Irfan tidak pernah menduga jika perbuatannya menukar DVR CCTV itu pada akhirnya dipandang tidak sesuai dengan standard operasional proses (SOP). Bekas Kasubnit I Subdit III Dittipidum Bareskrim Polri itu berkelit, dianya cuma jalankan perintah atasan.
Tetapi, demikian ketahui ada yang tidak kelar dari kasus ini, Irfan akui langsung berbicara jujur ke Kapolri.
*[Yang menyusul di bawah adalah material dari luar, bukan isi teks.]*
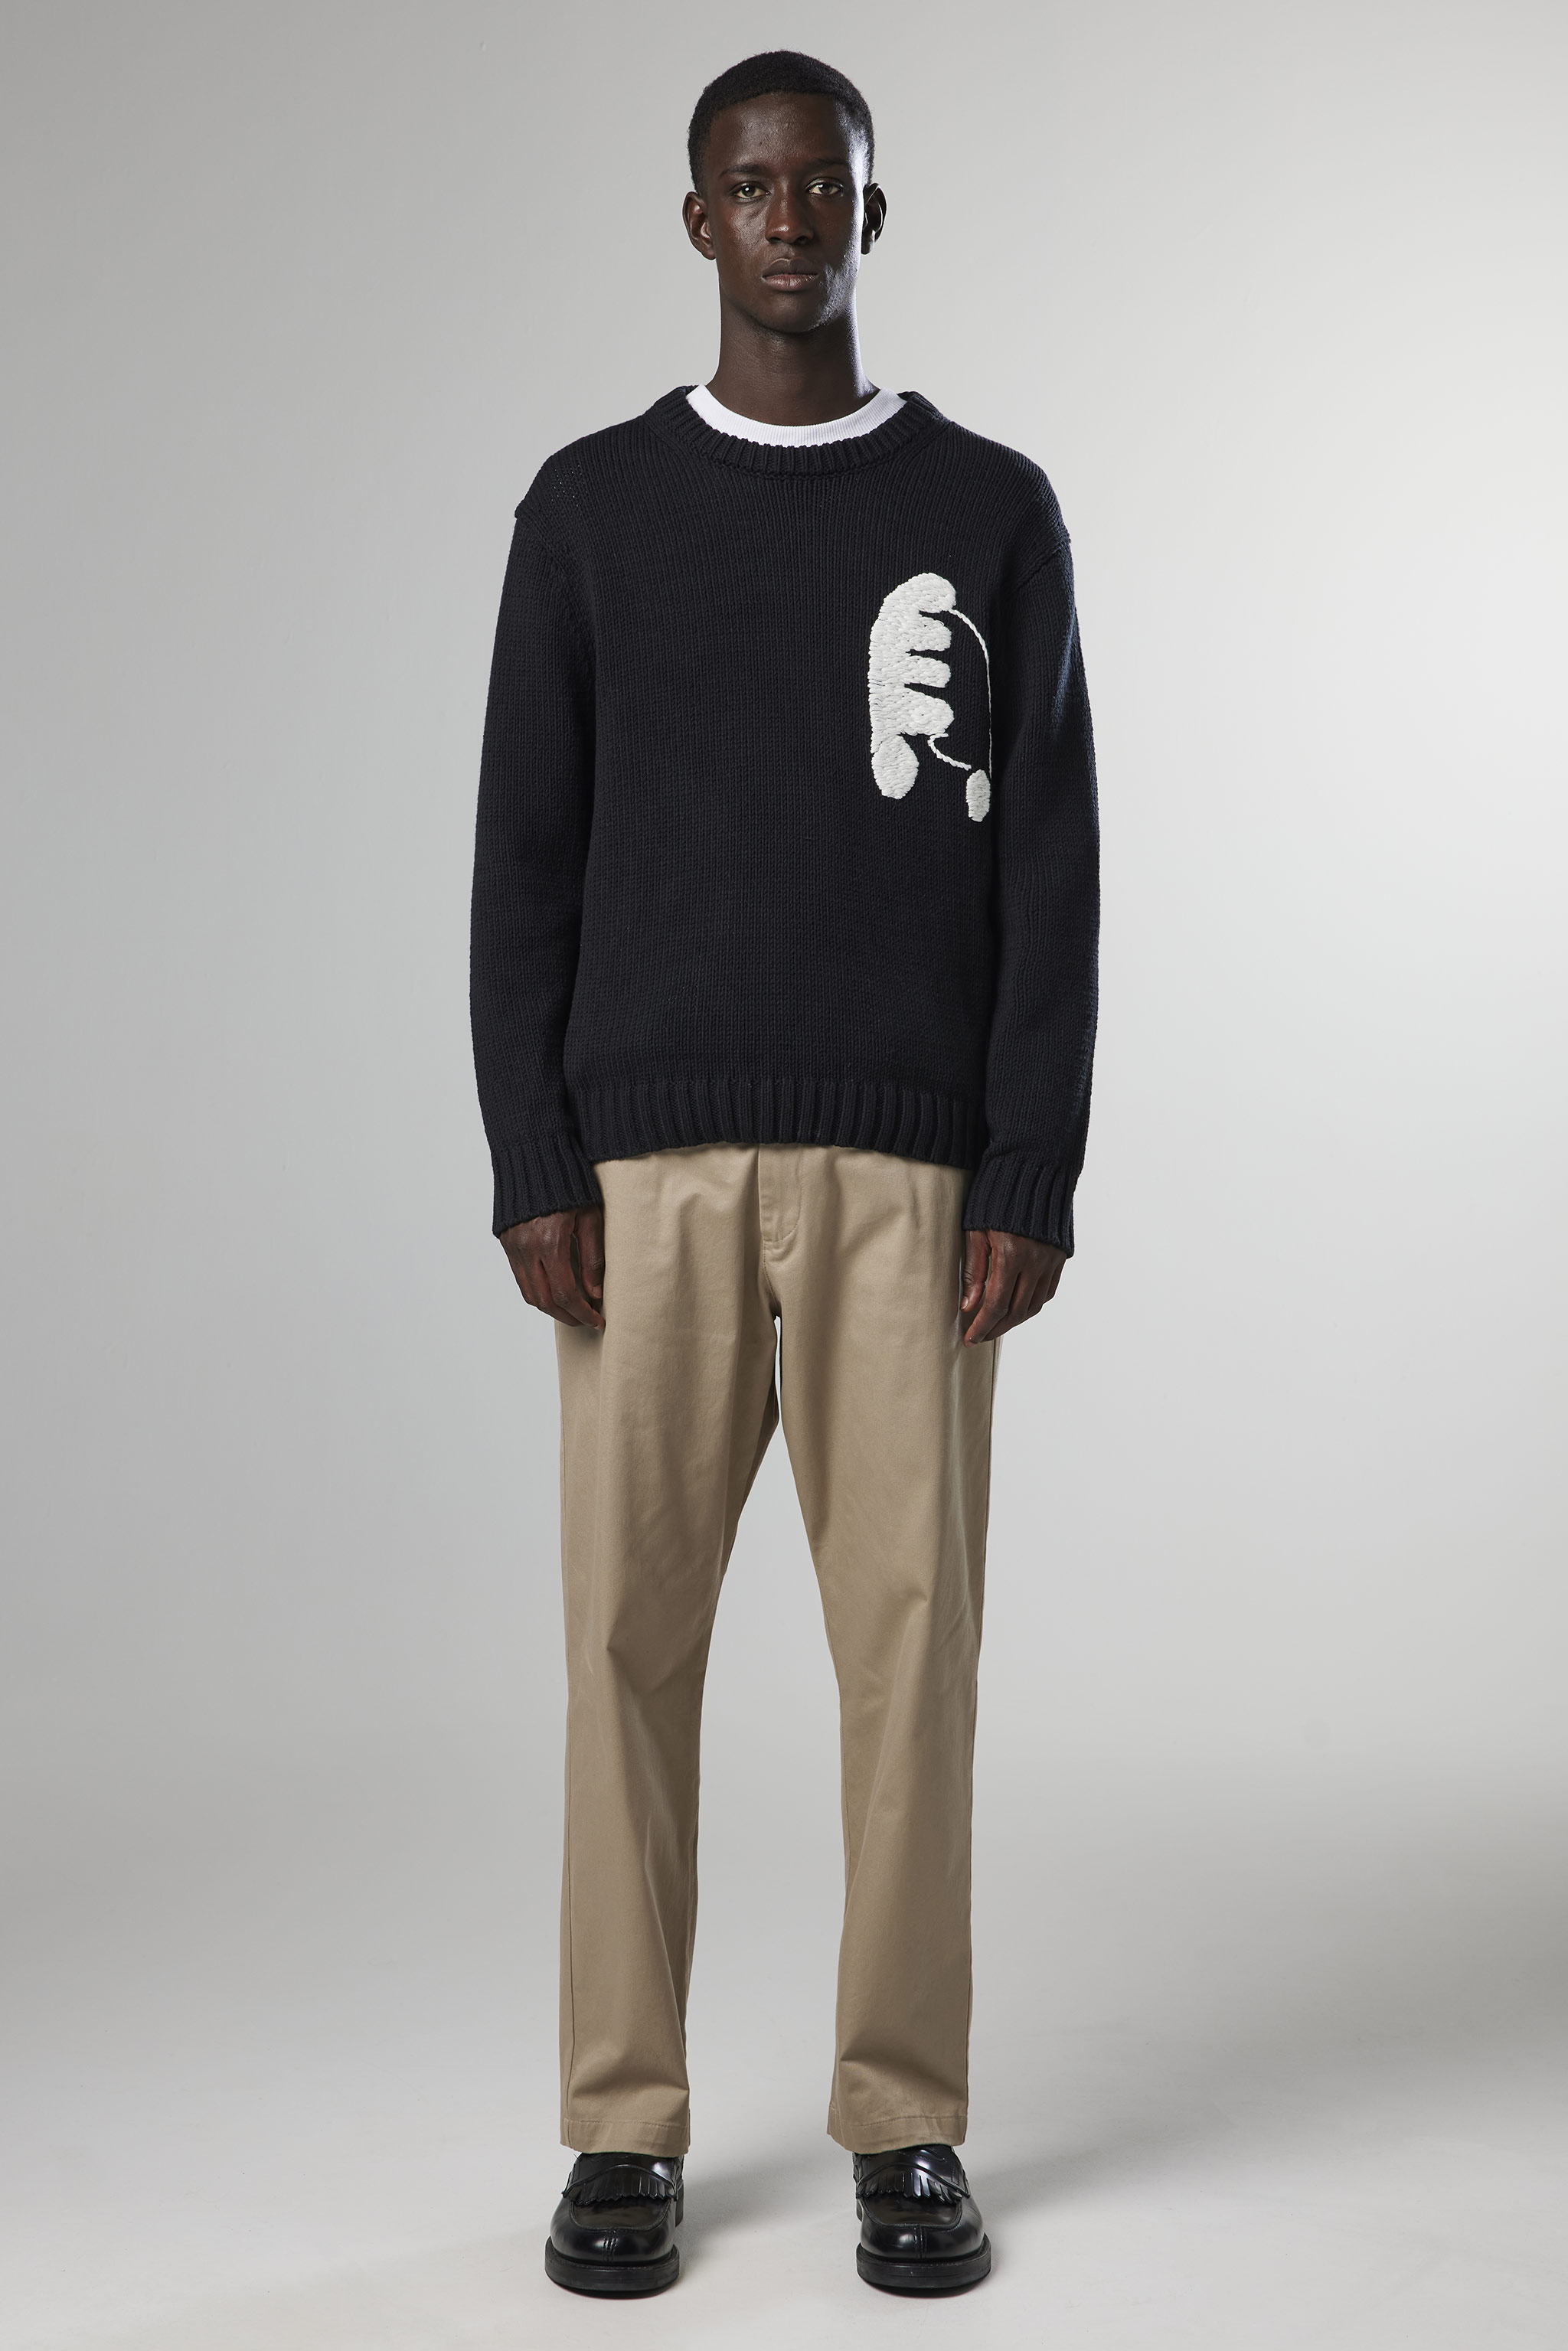 Jasper 6567 men's sweater - Black - Buy online at NN.07®

Walau, di saat itulah harus bertemu langsung dengan Agus Nurpatria yang pangkatnya semakin tinggi darinya.
“Pada waktu itu, saya yang cuma seorang berpangkat rendah, perlu keberanian yang tinggi sekali untuk saya waktu itu untuk menunjuk seorang atasan berpangkat Komisaris Besar Polisi yang memegang sebagai Kepala Detasemen A Paminal Div Propam Polri yang memerintah saya,” sebut Irfan.
Irfan juga tidak menduga kejujurannya malah diganjar dengan tuntutan satu tahun penjara. Oleh karena itu, ia mengharap Majelis Hakim membebaskannya dari kasus ini.
“Apa ini harga sebuah kejujuran yang perlu saya bayar?” kata Irfan.
Adapun Irfan Widyanto sebagai satu dari 7 tersangka perintangan penyelidikan atau obstruction of justice kasus kematian Brigadir Yosua.
Bekas Kepala Sub Unit (Kasubnit) I Sub Direktorat (Subdit) III Direktorat Tindak Pidana Umum (Dittipidum) Tubuh Reserse Krimnal (Bareskrim) Polri itu dipandang jadi kepanjangan tangan Sambo untuk ambil DVR CCTV disekitaran rumah dinasnya.
Oleh beskal penuntut umum, peraup Adhi Makayasa Sekolah tinggi Kepolisian itu dituntut pidana penjara1 tahun. Irfan dituntut pidana denda Rp 10 juta subsider tiga bulan kurungan.
Selainnya Irfan, 6 orang yang lain dituduh lakukan perintangan penyelidikan kasus Brigadir J. Keenamnya yaitu Ferdy Sambo, Hendra Kurniawan, Agus Nurpatria, Chuck Putranto, Baiquni Wibowo, dan Bijak Rachman Bijakin.
Pada dasarnya, semua tersangka dipandang lakukan perintangan penyelidikan kematian Brigadir J dan menyalahi Pasal 49 jo Pasal 33 Undang-undang No 19 Tahun 2016 mengenai peralihan atas Undang-undang No 11 Tahun 2008 mengenai Info dan Transaksi bisnis Electronic jo Pasal 55 ayat (1) ke-1 KUHP.